FIELD OF THE INVENTION

This invention relates to components and processes for fiber optic related component fabrication. More particularly, the invention relates to the fabrication of optical coupling and waveguiding elements.

BACKGROUND OF THE INVENTION

Optical Fibers in commercial systems have been traditionally held by using a combination of pieces.

A connector assembly 100, such as shown in FIG. 1 as an exploded view is used to attach various fiber pieces (or fiber pieces and modules) together. A ferrule 102 is the part of the connector 100 into which the fibers 104 themselves are inserted before the ferrule 102 is inserted into the overall connector itself.
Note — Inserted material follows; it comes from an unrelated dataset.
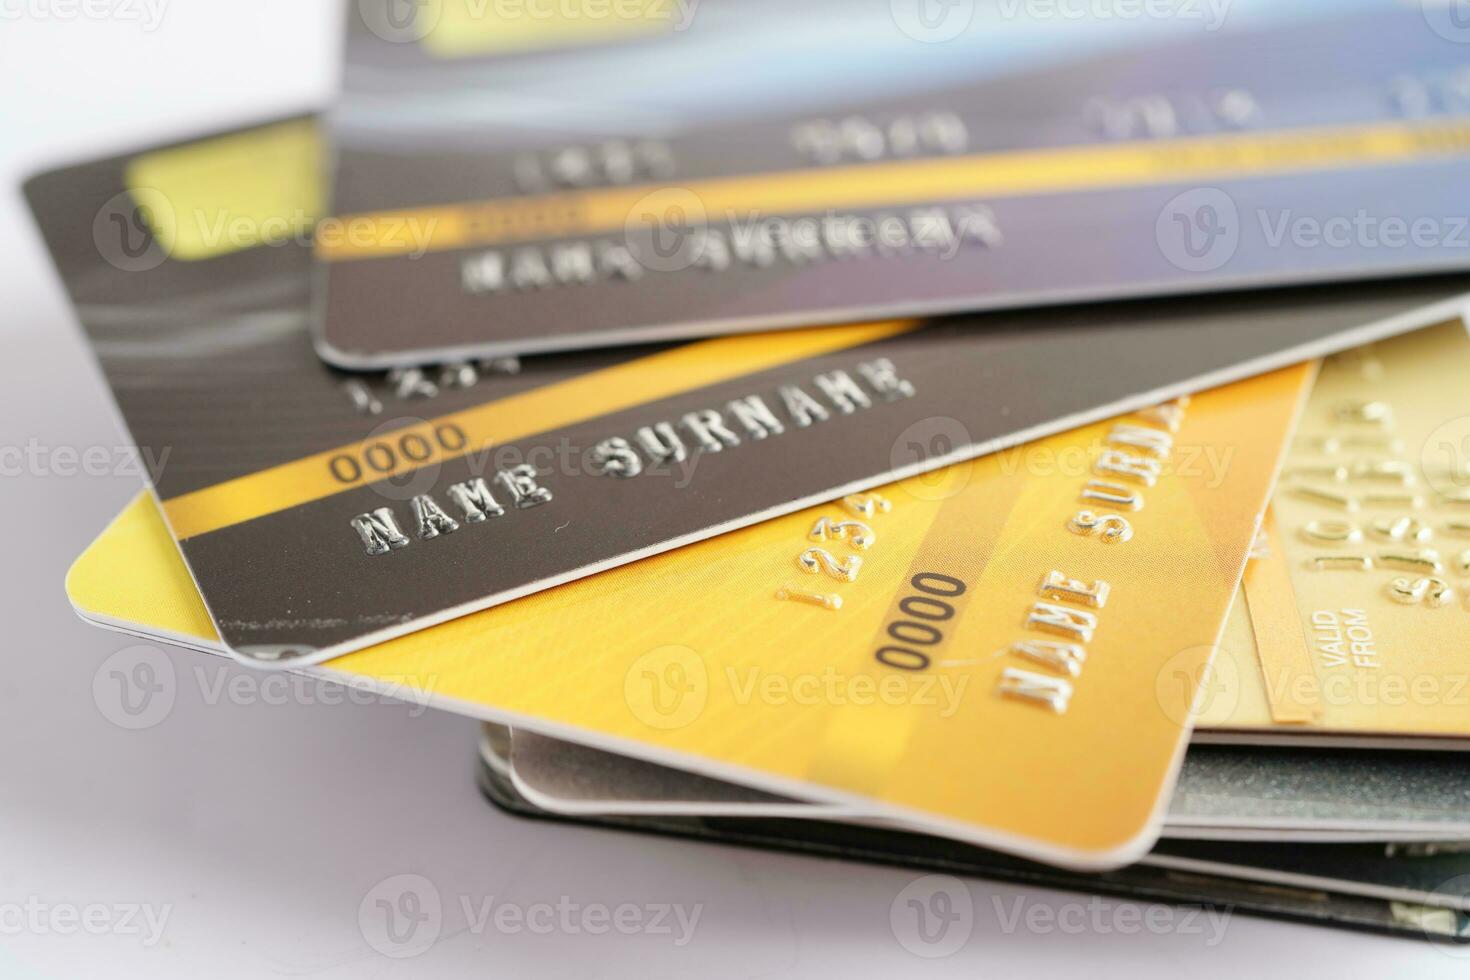 tarjeta de crédito con bloqueo de contraseña y dinero de billetes en dólares estadounidenses, concepto de negocio de finanzas de seguridad. foto

The ferrule 102 is a `high-precision` piece of the assembly 100. It holds the fiber(s) 104 in a precise position and ensures that when two connector pieces are attached, that the fibers in the two pieces are held in accurate alignment. The remainder of the connector 106 is `low precision` relative to the ferrule 102.

In the multi-fiber connectors available today, most of the connections are for fiber arrays of 2 or more fibers, such as shown in U.S. Pat. No. 5,214,730, up to arrays of 1.times.12 (although some commercial 2.times.12 configurations have been tried). The connectors employed are referred to by various names depending upon who makes them. In 1.times.2 arrays, connectors are referred to as ST, LC, MT-RJ connectors while for 1.times.12 arrays the connectors are referred to as MTP.RTM., MPO, MPX and SMC connectors, among others. In the 1.times.12 or 2.times.12 area, all of the various connectors use a common type of ferrule commercially available from, among others, US Conec Ltd. and Alcoa Fujikura Ltd. In addition, commercial connectors for small arrays (less than 12) fibers have also been proposed, for example, in U.S. Pat. No. 5,743,785.

Fiber holding pieces, such as ferrules 102, can be made by molding plastic or epoxy pieces containing holes 108 into which optical fibers 104 can be inserted. Fibers must be able to be centered in each hole precisely and repeatably.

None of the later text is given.